Regulated degradation of Chk1 by chaperone-mediated autophagy in response to DNA damage

Caroline Park, Yousin Suh, Ana Maria Cuervo

Research output: Contribution to journalArticlepeer-review

158 Scopus citations


Chaperone-mediated autophagy (CMA) is activated in response to cellular stressors to prevent cellular proteotoxicity through selective degradation of altered proteins in lysosomes. Reduced CMA activity contributes to the decrease in proteome quality in disease and ageing. Here, we report that CMA is also upregulated in response to genotoxic insults and that declined CMA functionality leads to reduced cell survival and genomic instability.

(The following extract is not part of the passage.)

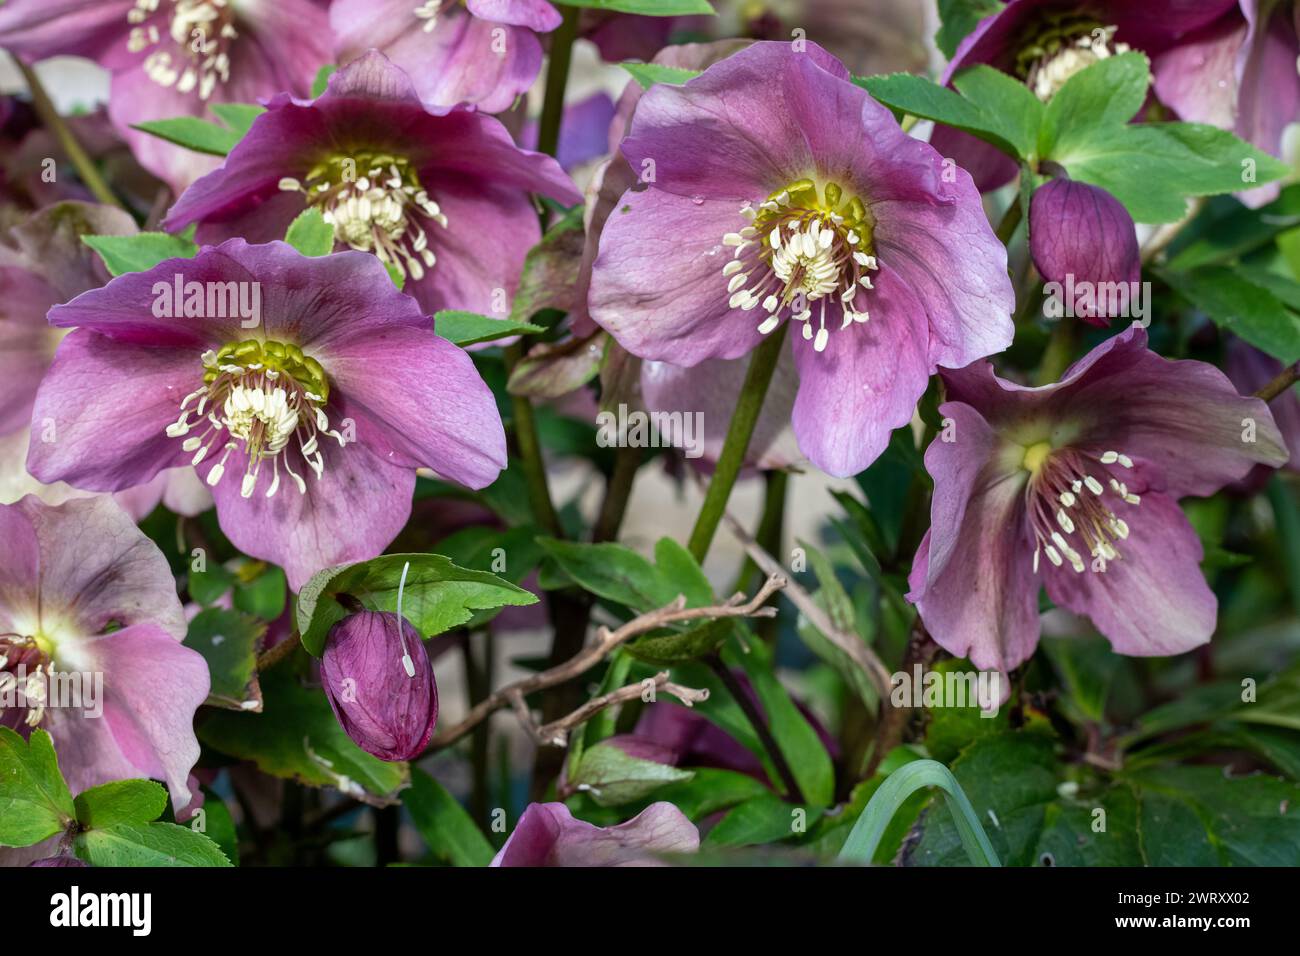 Gros plan de fleurs d'hellebore rose (helleborus orientalis) en fleurs Banque D'Images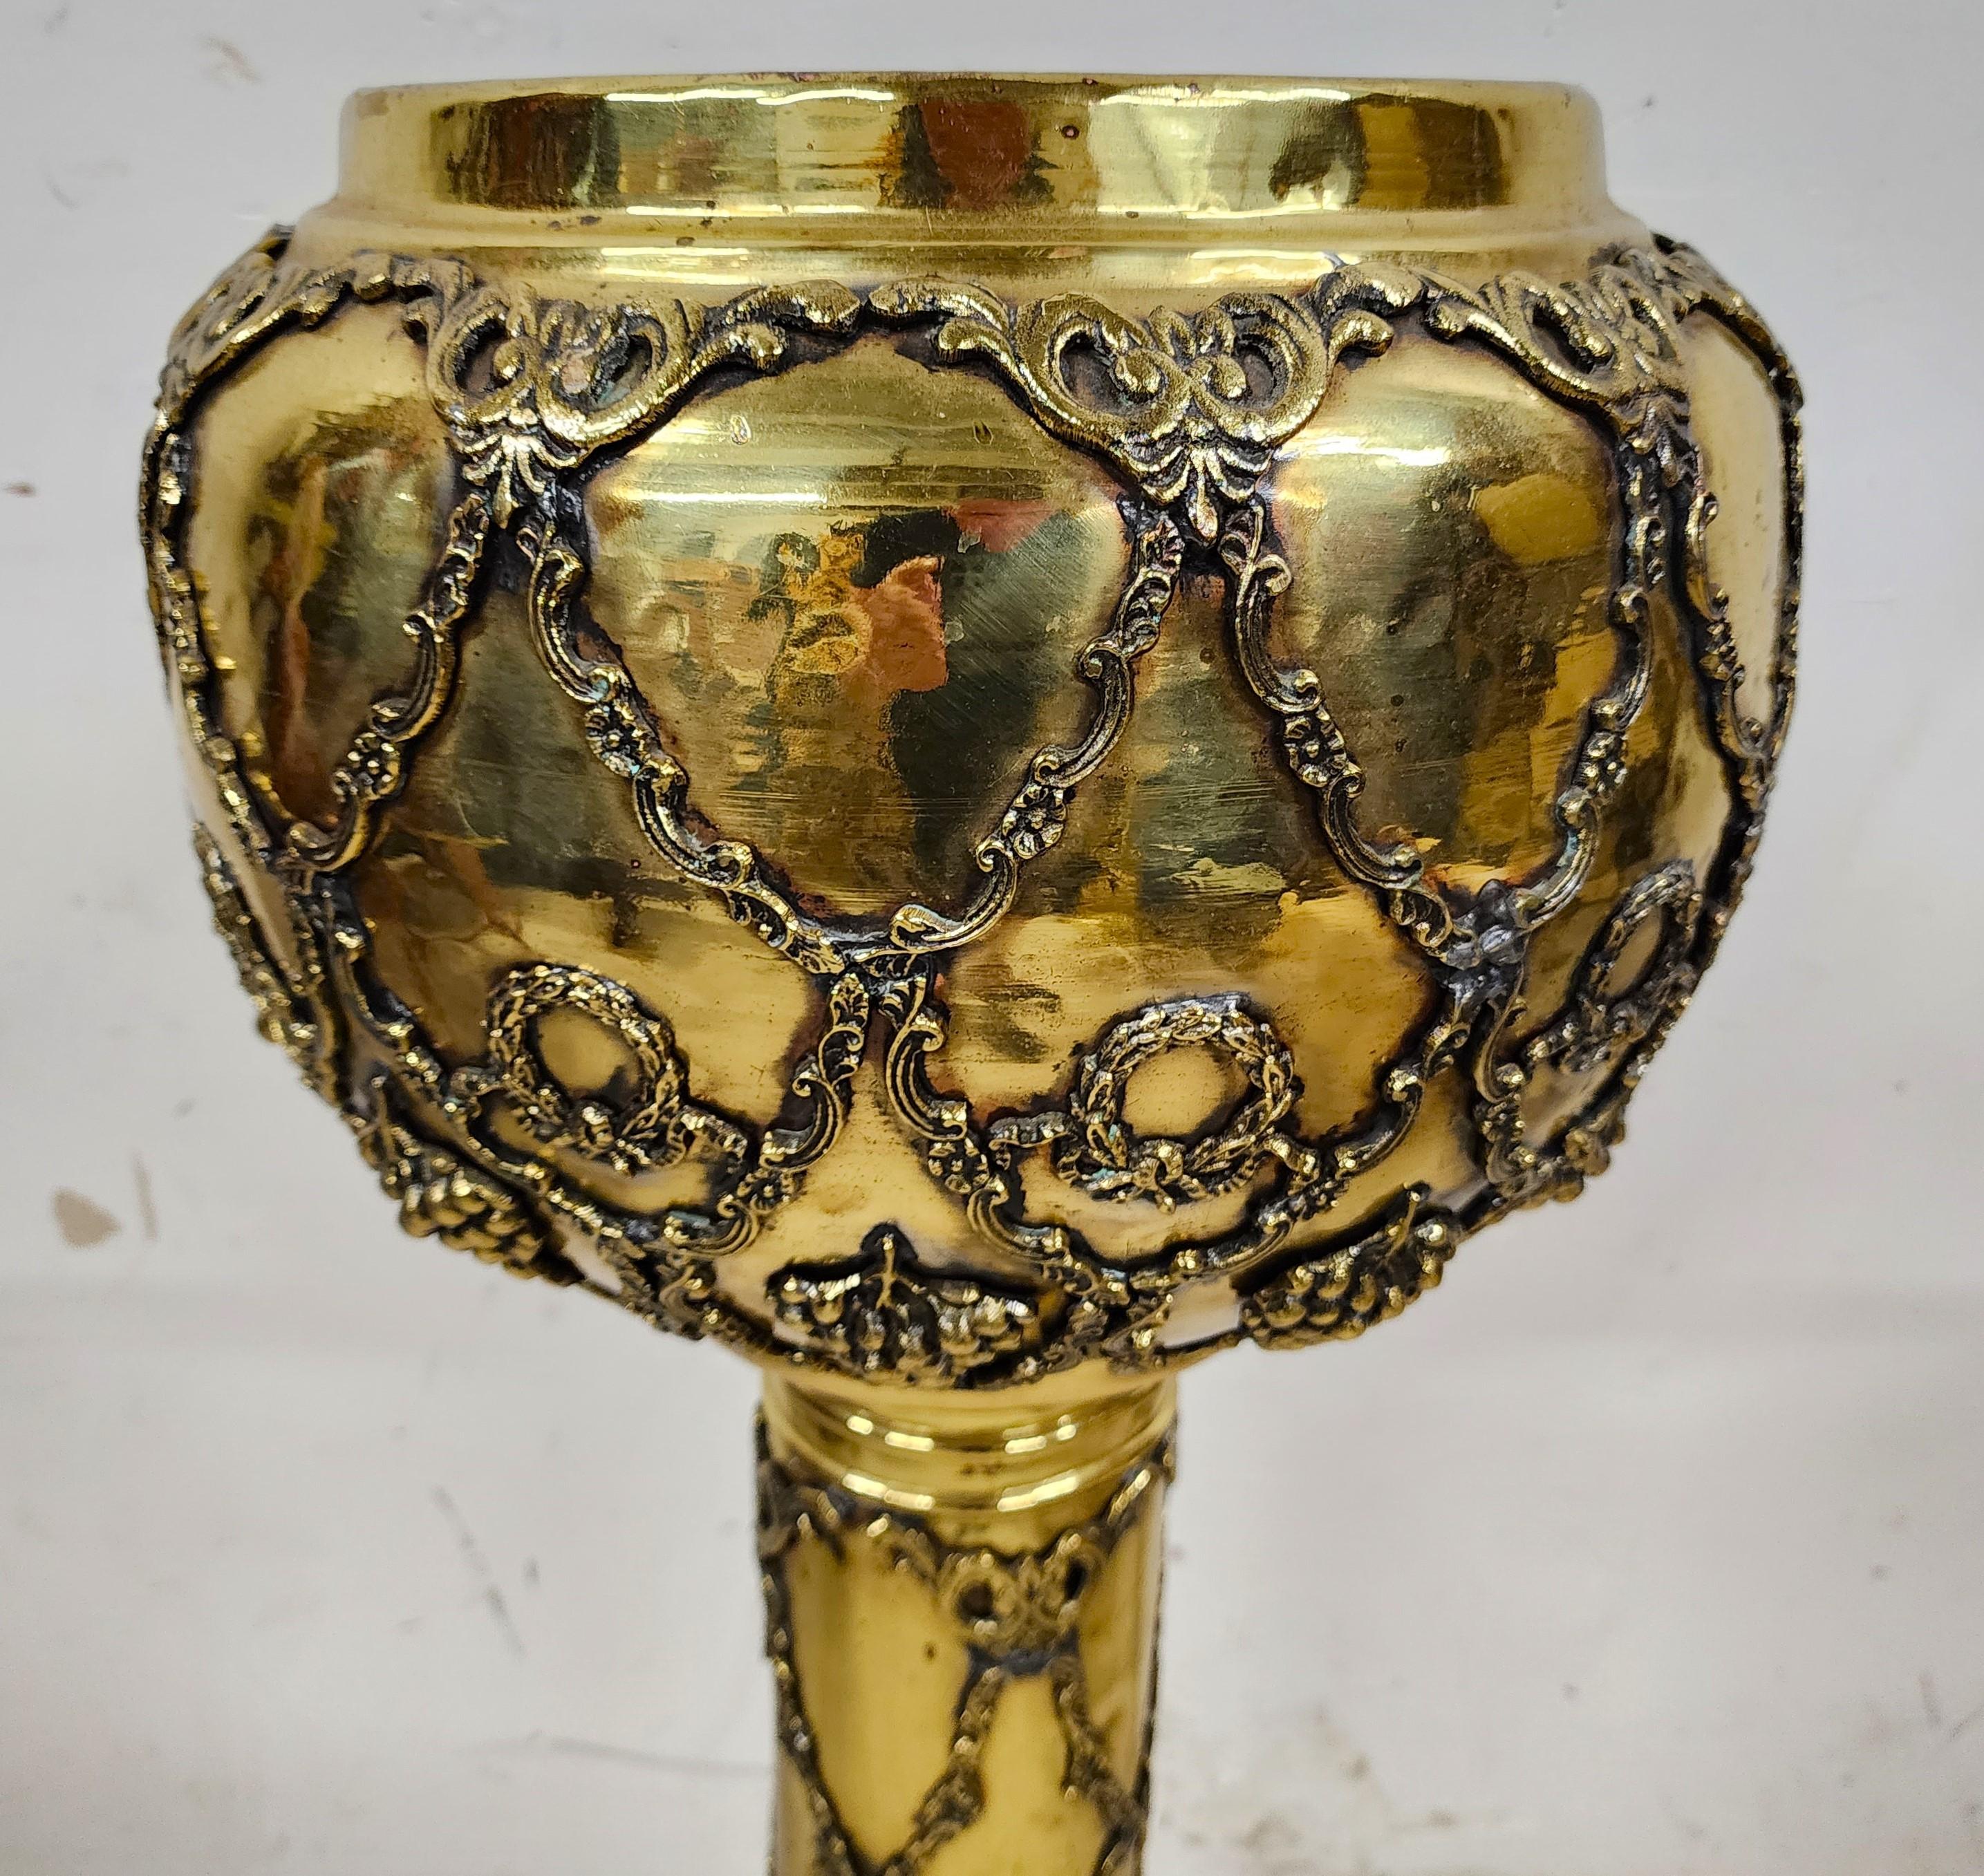 Antique Ornate Pedestal Brass Planter Stands, Set of 2 For Sale 4

This role of CMA in genome quality control is exerted through regulated degradation of activated checkpoint kinase 1 (Chk1) by this pathway after the genotoxic insult. Nuclear accumulation of Chk1 in CMA-deficient cells compromises cell cycle progression and prolongs the time that DNA damage persists in these cells. Furthermore, blockage of CMA leads to hyperphosphorylation and destabilization of the MRN (Mre11-Rad50-Nbs1) complex, which participates in early steps of particular DNA repair pathways. We propose that CMA contributes to maintain genome stability by assuring nuclear proteostasis.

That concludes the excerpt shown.